Esse é o objetivo do Lab?

Núria: Esse objetivo que a gente tem que entregar acaba até sendo pequeno perto do poder do Lab, porque se o Lab parar aí, em um projeto só entregue, ele não mudou nada. O objetivo do Lab é que se dê continuidade, que as pessoas entendam, utilizem e dialoguem por meio de ferramentas digitais, que elas aprendam por meio de ferramentas digitais desenvolvidas pela equipe do Lab que são bolsistas, estudantes, pessoas de várias etnias, várias nacionalidades e experts em várias áreas e que estão com um único objetivo: produzir um encontro que caminhe para frente, um encontro de jovens que vão fazer esse país, entendendo a cultura do nosso país por meio da educação. Esse é um objetivo muito grandioso, que até chega a dar medo, mas a gente vai caminhar pra isso e é por esse motivo que a gente não vê o fim do Lab agora. O Lab é muito interessante porque ele tem efervescência na criação sem esquecer o objetivo coletivo e sem deixar de pensar no plajenamento futuro. A gente tá conseguindo viver essa experiênncia de troca por meio de redes.

Qual é a importância dessas redes?

Núria: O futuro vai dizer isso. A importância vai se dar como consequência. O que a gente pode afirmar hoje é: eu não trabalho sozinha e meu conhecimento não é fragmentado. Meu conhecimento tem que dar entrada e continuidade no seu, e do seu vir pra mim, e nós temos que nos respeitarmos não pela troca apenas financeira. Claro que o recurso econômico é importante para todos vivermos, mas esse recurso advém justamente porque eu consigo entender a não fragmentação das coisas. Nós vivemos uma era em que o conhecimento era fragmentado e a universidade ainda vive isso. E é um ponto de evolução para a Universidade. Enquanto ela não evoluir nesse sentido de dizer “”Eu não sou meu gabinete, com meus livros e artigos publicados, mas eu sou o que esse mundo é e eu tenho que entendê-lo para me entender”
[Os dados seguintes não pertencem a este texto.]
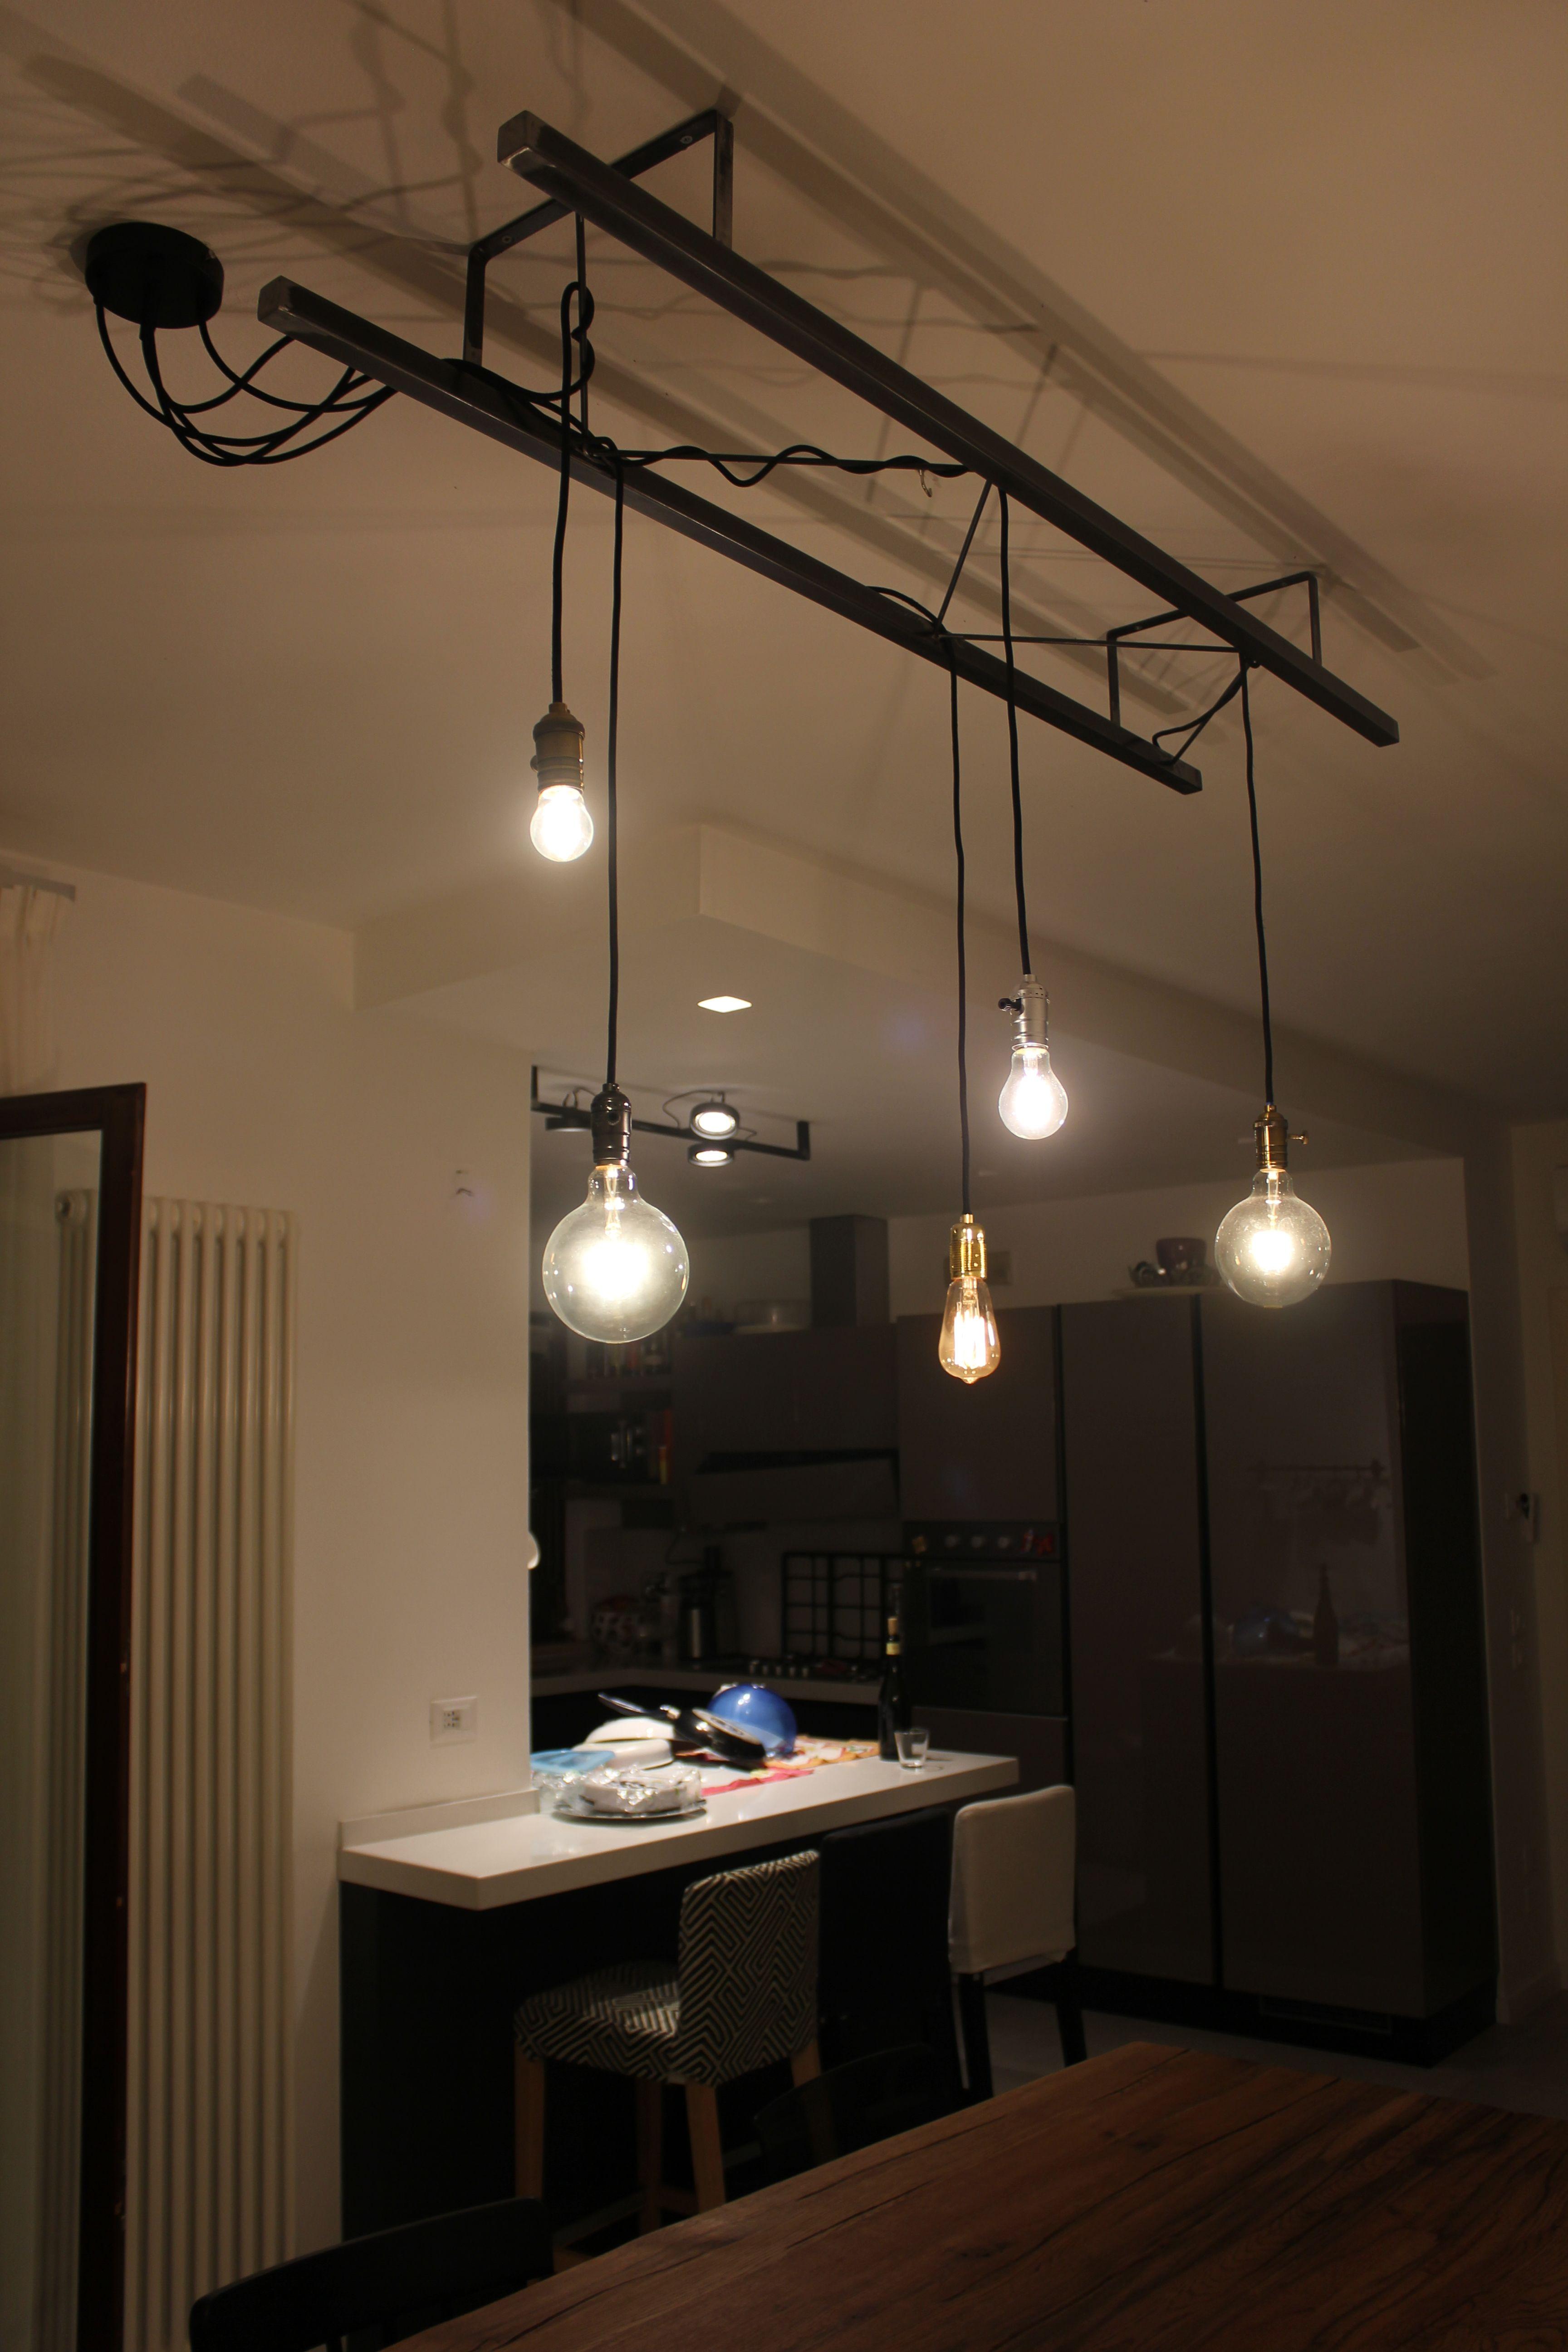 Lampada Vintage Industriale : Lampade per soggiorno vintage puzzle round lampada a soffitto o

Nesse sentido, a relação da UFPR com o Lab ajuda nessa evolução da universidade, não?

Núria: A UFPR é minha casa. Ela me oportuniza mostrar isso. Se eu posso daqui da UFPR me comunicar com alguém de Aracaju, Buenos Aires ou na Unila, posso também causar o efeito da colaboração, da cooperação, do trabalho em conjunto. E se eu observo nessa rede o que tem a capacidade de produzir a mais do que apenas o contato, daí vem a educação popular. Nós estamos trabalhando com Pontos de Cultura, e eles têm necessidades específicas. Uma delas é a educação. A educação que empodera essas pessoas para que elas possam continuar produzindo dentro dos seus Pontos, dos seus centros, comunidades, na mesma igualdade. Então, esse é o ponto crucial e o Lab tem nos ensinado isso. Quando eu posso abraçar alguém do quilombo e dizer: “você é importante porque estou aprendendo com você” e a pessoa fala  “e eu com você” e ambos se agradecem, eu começo a produzir essa rede, que vai se costurando e os nós dela não são fragmentos, são nós de intersecção que  dependem uns dos outros. Nós vivemos num país de dimensão continental. Nós temos pessoas de todos os países que vieram pra cá. Nós não somos diferentes porque somos pobres, ricos, doutores ou analfabetos. Mas eu não sou doutora enquanto existir um analfabeto. Eu não sou doutora enquanto tiver um analfabeto que precisa estar no mesmo patamar de igualdade. É uma responsabilidade social que nós temos, e o Lab nos ajuda a compreender isso. Nós tínhamos isso na teoria. Mas com o Lab a gente consegue entender que aquela pessoa pode sim aprender, desenvolver seu Ponto de Cultura, mostrá-lo ao mundo e ele tem uma ferramenta para isso. Ou seja, a ferramenta não é mais uma coisa estranha, ela vira parte dessa pessoa. O Lab tá propiciando isso: um conhecimento, um reconhecimento, uma releitura, uma nova leitura da autoria, da coautoria e da participação.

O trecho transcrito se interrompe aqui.